ICE arrested 54 in all, 19 in Monterey County – seven in King City, two in Soledad, six in Greenfield and four in Salinas. As the ICE statement reads: “Since President Trump signed the Executive Orders regarding immigration enforcement priorities, ICE has arrested more than 41,000 individuals nationwide who are either known or suspected of being in the country illegally, a nearly 40-percent increase over the same period in 2016.” The deportation efforts, ICE says, “make our communities safer for everyone.”
In Salinas last week, here’s who didn’t feel safer, other than those migrant kids: a large number of parents and students in the Alisal Union School District, especially at Virginia Roca Barton School. As word of the sweeps began to spread, so too did the rumors. As the rumor had it, ICE agents were lurking near the school, waiting for dismissal time, to arrest parents who lack documents. Their presence near the school was just a rumor, but it spread like wildfire.
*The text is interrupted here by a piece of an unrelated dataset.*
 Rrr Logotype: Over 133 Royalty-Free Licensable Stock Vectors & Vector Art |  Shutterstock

Alisal Union Superintendent Hector Rico says he started hearing from school administrators as parents reached out to them about what to do. Many wanted to know if they could pick up their children early.
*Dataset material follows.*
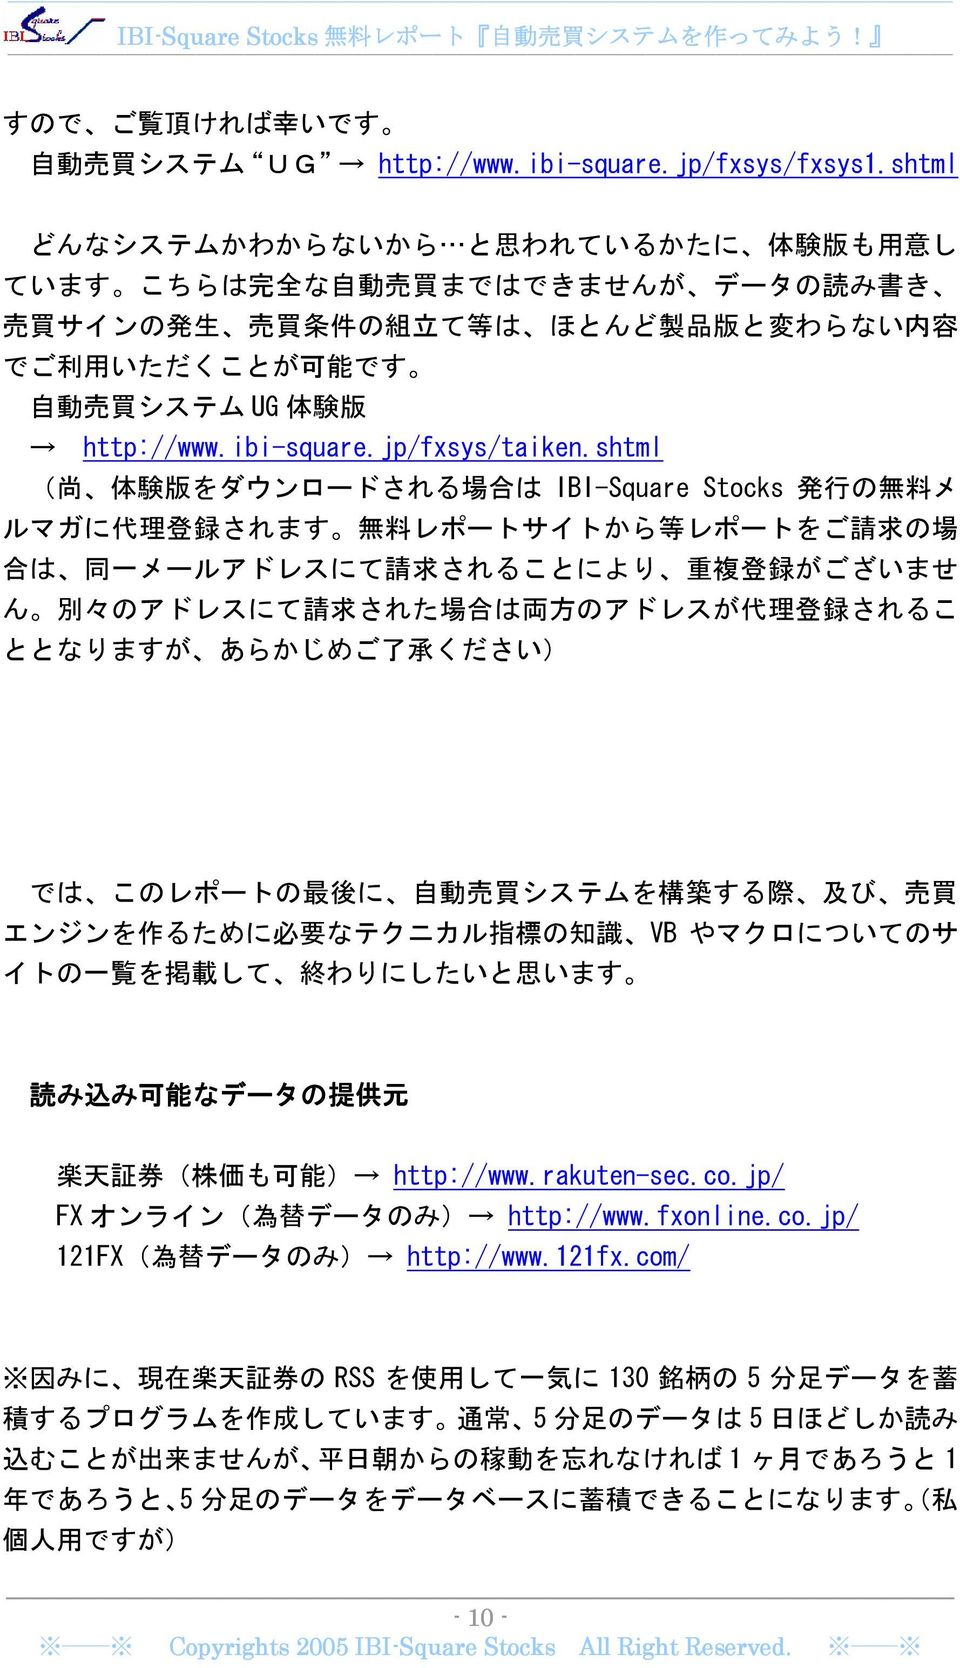 http://www.ibi-square.jp/fxsys/taiken.

In January, the Alisal Union board adopted a safe-haven resolution, meaning the district will protect the information of students, family members and employees from being used by the federal government to determine residency status. It also means the district won’t allow ICE to enter school property without the superintendent’s approval, or without exigent circumstances.
Rico told his staff that any parent who wanted to pick up their child early should be allowed.
“Not just last week, but since the election, our kids have been asking questions and are concerned about their families being deported,” Rico says. “The fear is there. Even at the elementary level, the general public might think they’re too young to comprehend it, but the reality is we’re seeing it.”
There are 19 fewer undocumented immigrants in Monterey County this week, with criminal convictions ranging from domestic violence and property damage to illegal entry into the country. A Salvadoran man ICE arrested in King City had a child abuse/domestic violence conviction.
Nineteen arrested, and many more undocumented afraid to go to school, or send their children.
Good thing summer’s here.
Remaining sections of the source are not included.